In theory, it's straightforward: clone repos from GitHub, push them to Tangled, update READMEs with mirror links, and create ATProto records so everything stays discoverable. In practice, I've discovered that "straightforward" is doing a lot of heavy lifting in that sentence, and I'm increasingly convinced that the universe has a personal vendetta against anyone who thinks automation should be easy.
The Setup (Which Should Be The Easy Part)
The configuration lives in src/.env, where you specify:
BASE_DIR– where GitHub repos get cloned locallyGITHUB_USER– your GitHub username or organisationATPROTO_DID– your ATProto DIDBLUESKY_PDS– PDS instance URLBLUESKY_USERNAMEandBLUESKY_PASSWORD– authentication credentials
Standard stuff, really. Nothing particularly clever here, just the baseline configuration you'd expect for something that needs to talk to multiple services. This part actually works, which is honestly shocking given how the rest of this has gone.
What It's Supposed To Do (In A Perfect World Where Everything Works)
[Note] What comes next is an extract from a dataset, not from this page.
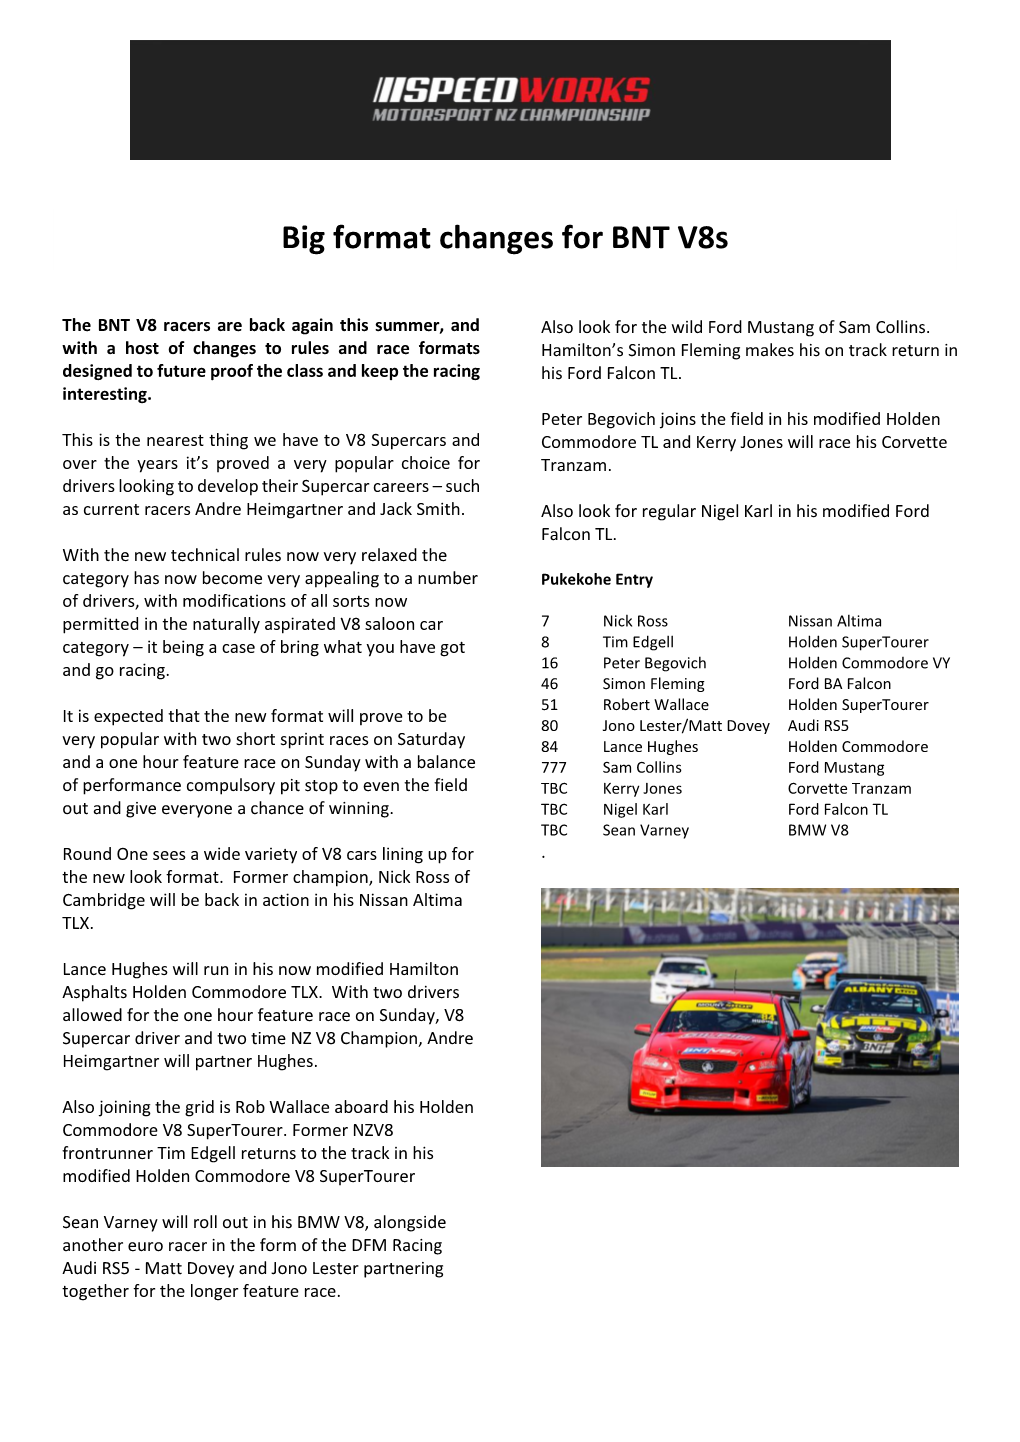 Big Format Changes for BNT V8s

When you run npm run sync, the script should:
Authenticate with Bluesky using your credentials (spoiler: this works)
Clone all repositories from your GitHub account locally, excluding the repo that matches your username to avoid recursion (also works, surprisingly)
Add a
tangledremote to each repository if it doesn't exist (here's where things start getting interesting)Push the
mainbranch to Tangled (oh, you sweet summer child, thinking this would just work)Update each README with a link to the Tangled mirror (theoretically fine, practically has edge cases)
Create ATProto records under
sh.tangled.repowith metadata about each repository (works but feels fragile)
The ATProto records use TIDs (time-based, sortable identifiers) to ensure uniqueness, and the whole thing is meant to be idempotent—running it multiple times shouldn't break anything. Emphasis on "shouldn't," because software development is the art of discovering all the ways your assumptions are wrong.
Where It's Going Wrong (Oh Boy, Where Do I Start)
Here's where I'm stuck, and why I'm writing this rather than celebrating a working tool.
SSH Authentication Headaches (Or: Why Can't Things Just Work?)
The Tangled remote creation requires SSH keys. Fair enough. But the script doesn't handle cases where:
SSH keys aren't properly configured (because of course they aren't)
The Tangled remote doesn't exist yet (it tries to create one, but that fails if you don't have permissions)
Network issues interrupt the push (because the internet is a beautiful, reliable place that never has problems)
When it fails, it logs a warning and moves on, which is better than crashing entirely, but it means repositories can end up in inconsistent states. Some have Tangled remotes that don't work, others are half-pushed, and debugging which is which requires manually checking each one. You know what's fun? Manually checking thirty repositories to figure out which ones are broken. That's a great use of time. Really.
The error messages aren't particularly helpful either. "Could not push to Tangled" could mean anything from "your SSH key is wrong" to "the repository doesn't exist" to "Mercury is in retrograde and git has decided today's a good day to be difficult." It's like trying to debug something whilst blindfolded and being told "something's wrong, good luck."
The README Update Dance (A Comedy of Edge Cases)
The README update logic checks for tangled.org in the file content before appending the mirror link. Sounds sensible, except:
It doesn't handle READMEs with unusual casing (
readme.txt,README.MD, etc.) consistently—because apparently standardising onREADME.mdwas too much to ask forIf the script fails after updating the README but before pushing to Tangled, you've got a dead link sitting there mocking you
Multiple runs can theoretically append multiple mirror links if something goes wrong (though I've tried to prevent this, emphasis on tried)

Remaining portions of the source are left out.